This paper reports a high-precision test of isospin symmetry in three nuclei with mass number A = 62: 62Ge, 62Ga and 62Zn. Isospin symmetry is the idea that protons and neutrons behave nearly the same under the strong force, apart from their electric charge. The experiment checked whether a key measurable, the proton part of an electric quadrupole transition (called the proton E2 matrix element Mp), follows the simple linear rule expected when isospin is conserved. The three measured Mp values fall on a straight line within the experimental uncertainties, supporting isospin symmetry in this triplet.

The team produced beams of 62Ge, 62Ga and 62Zn at the RIKEN Radioactive Isotope Beam Factory and hit thin gold (197Au) and carbon (12C) targets to excite the nuclei. They used the BigRIPS and ZeroDegree spectrometers to select and identify the reaction products and the DALI2+ gamma-ray array to detect the emitted gamma rays. By measuring inelastic scattering cross sections on two different targets and comparing the results under identical experimental conditions, they extracted nuclear deformation lengths (δN) and the reduced transition probabilities B(E2; 0+1 → 2+1). These B(E2) values are about 1400 e2fm4 for all three nuclei, and the inferred proton matrix elements Mp are all close to 37–38 e·fm2.

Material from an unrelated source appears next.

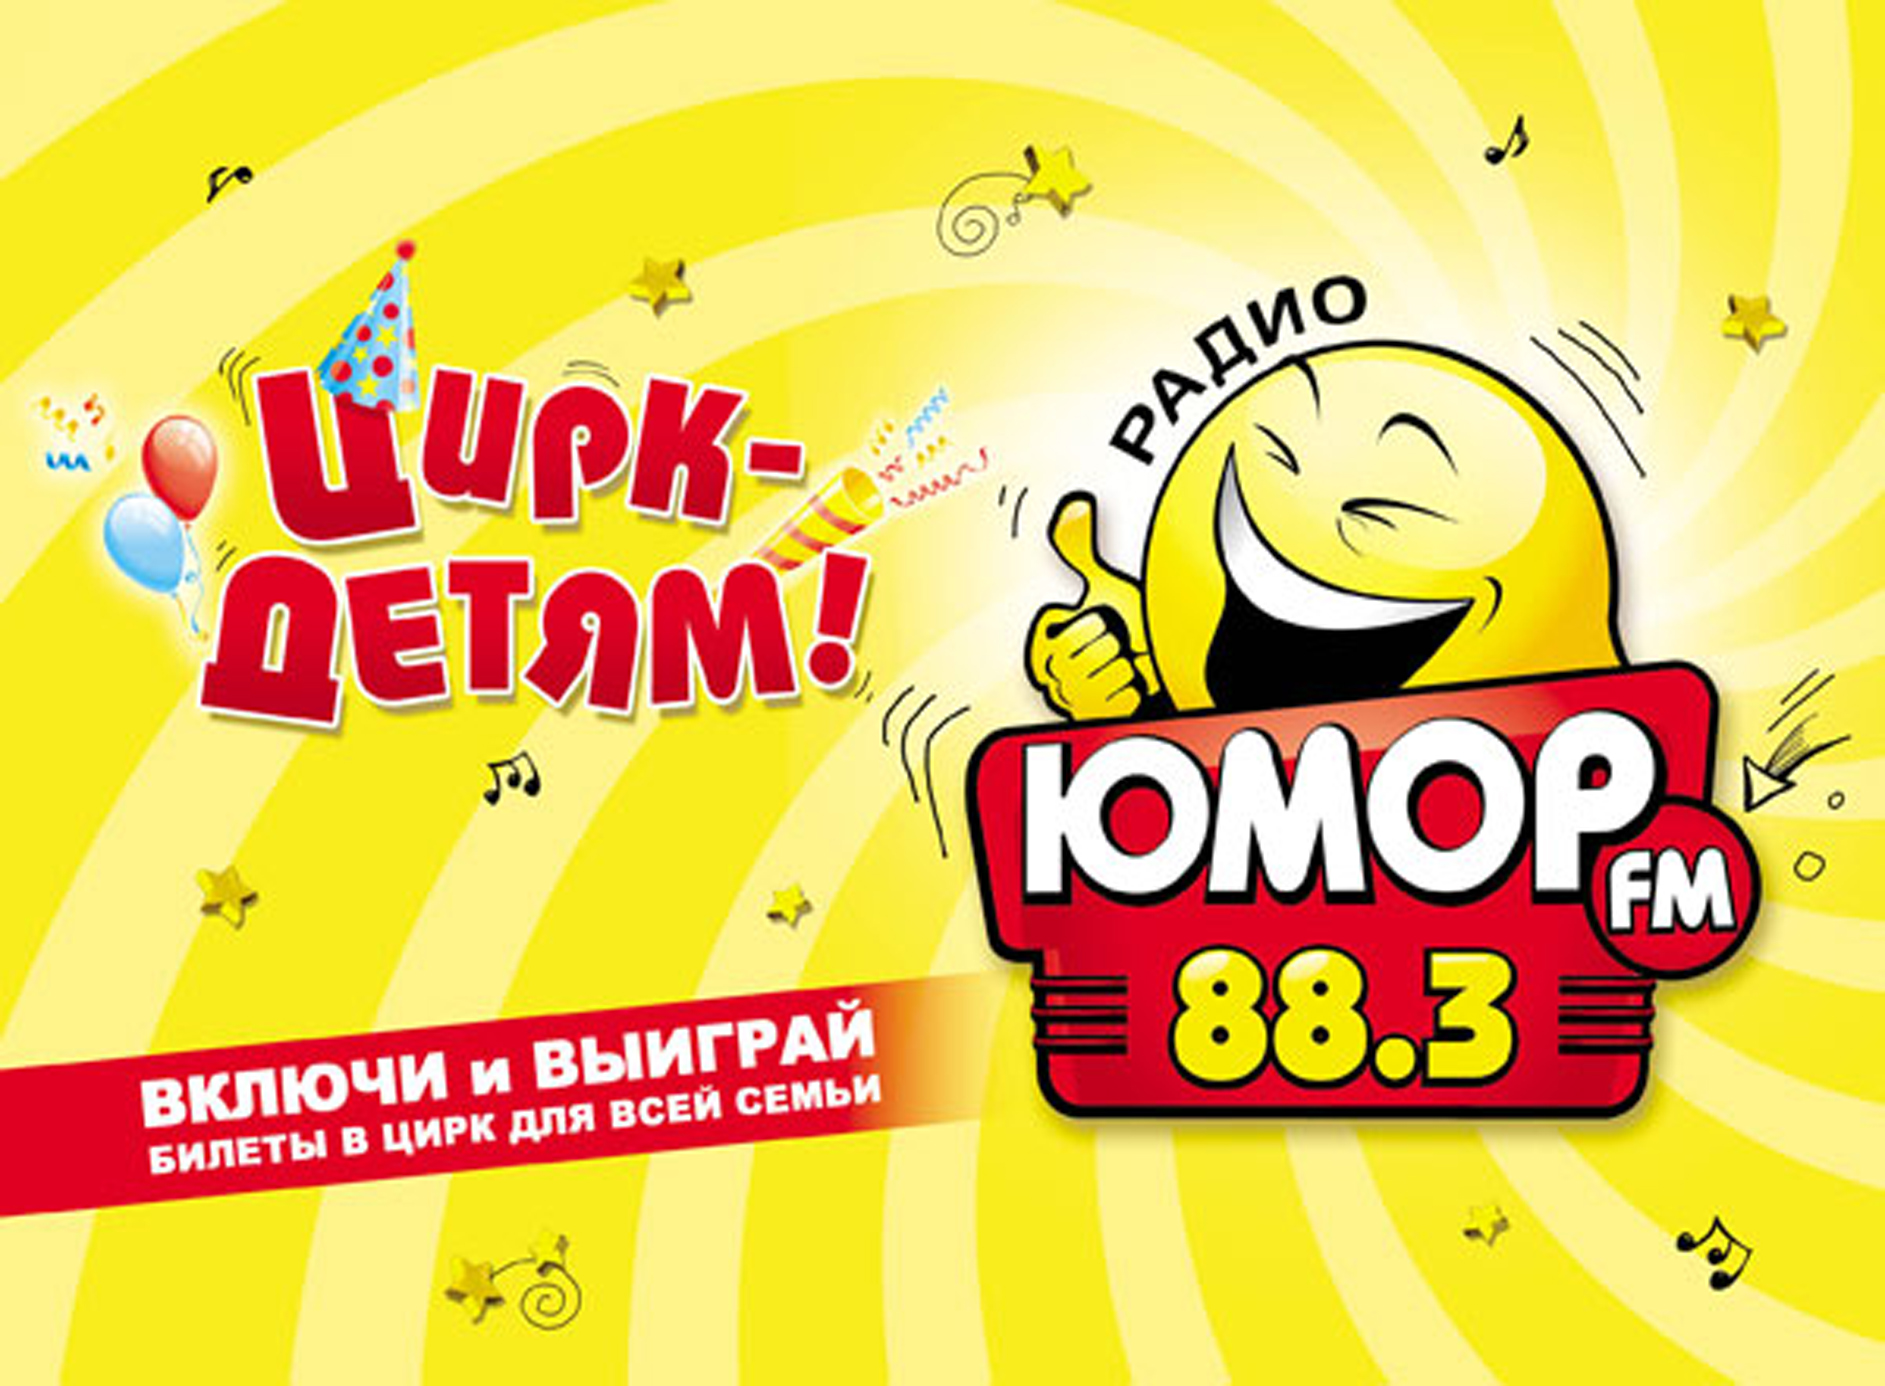 Юмор fm. Юмор ФМ логотип. Радио юмор ФМ. Юмор fm Москва.
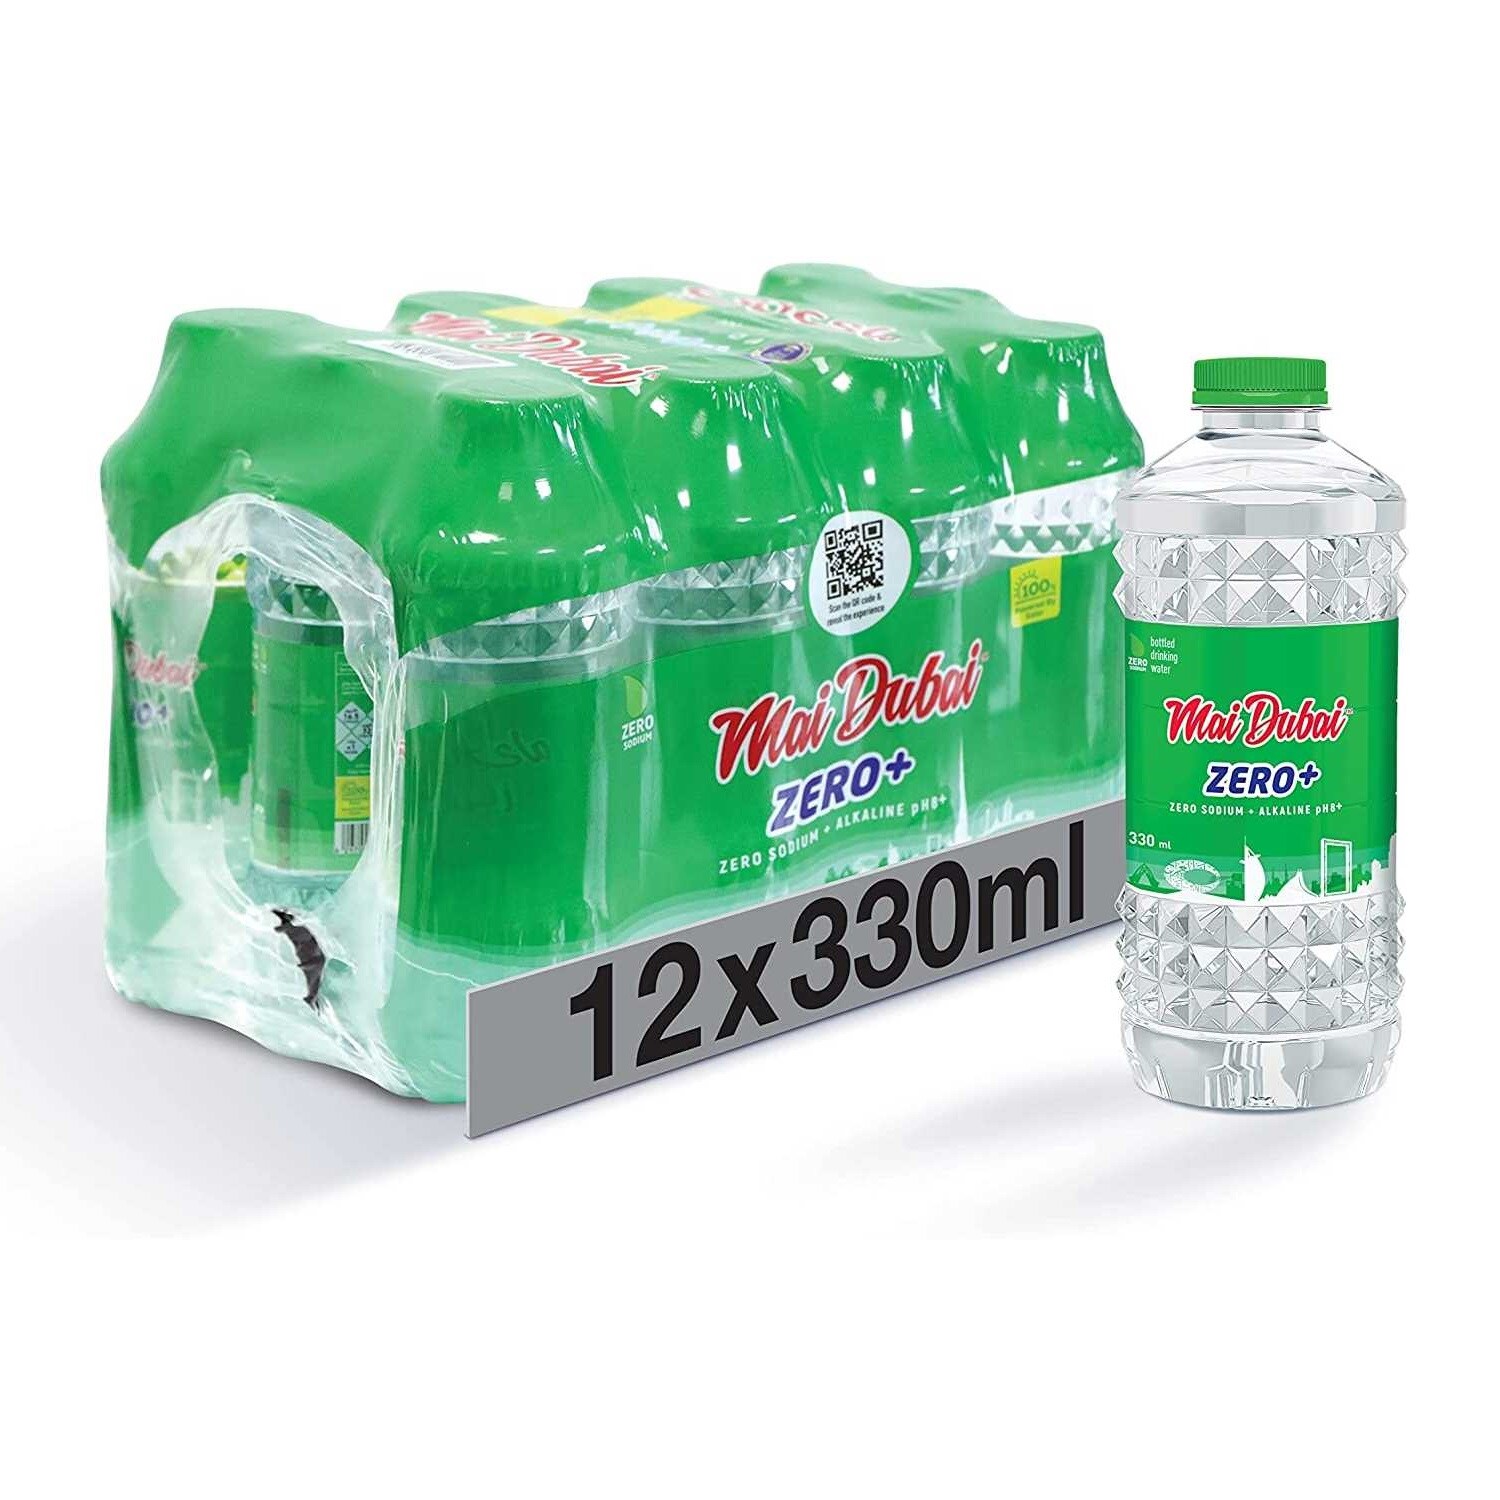 Mai Dubai ZERO Alkaline Zero+  Sodium Water, 330ml, Pack of 12

Why this matters: B(E2) values and Mp probe the wave functions of protons and neutrons inside the nucleus. For a triplet of states with the same total isospin, isospin symmetry predicts Mp should change linearly with the isospin projection Tz = (N−Z)/2. Deviations from that linearity would signal isospin-breaking effects in the nuclear wave functions. Because the three nuclei were measured in the same setup and analyzed together, many systematic errors cancel. The authors therefore claim this is the most accurate test to date of isospin symmetry rules using transition matrix elements in this mass region.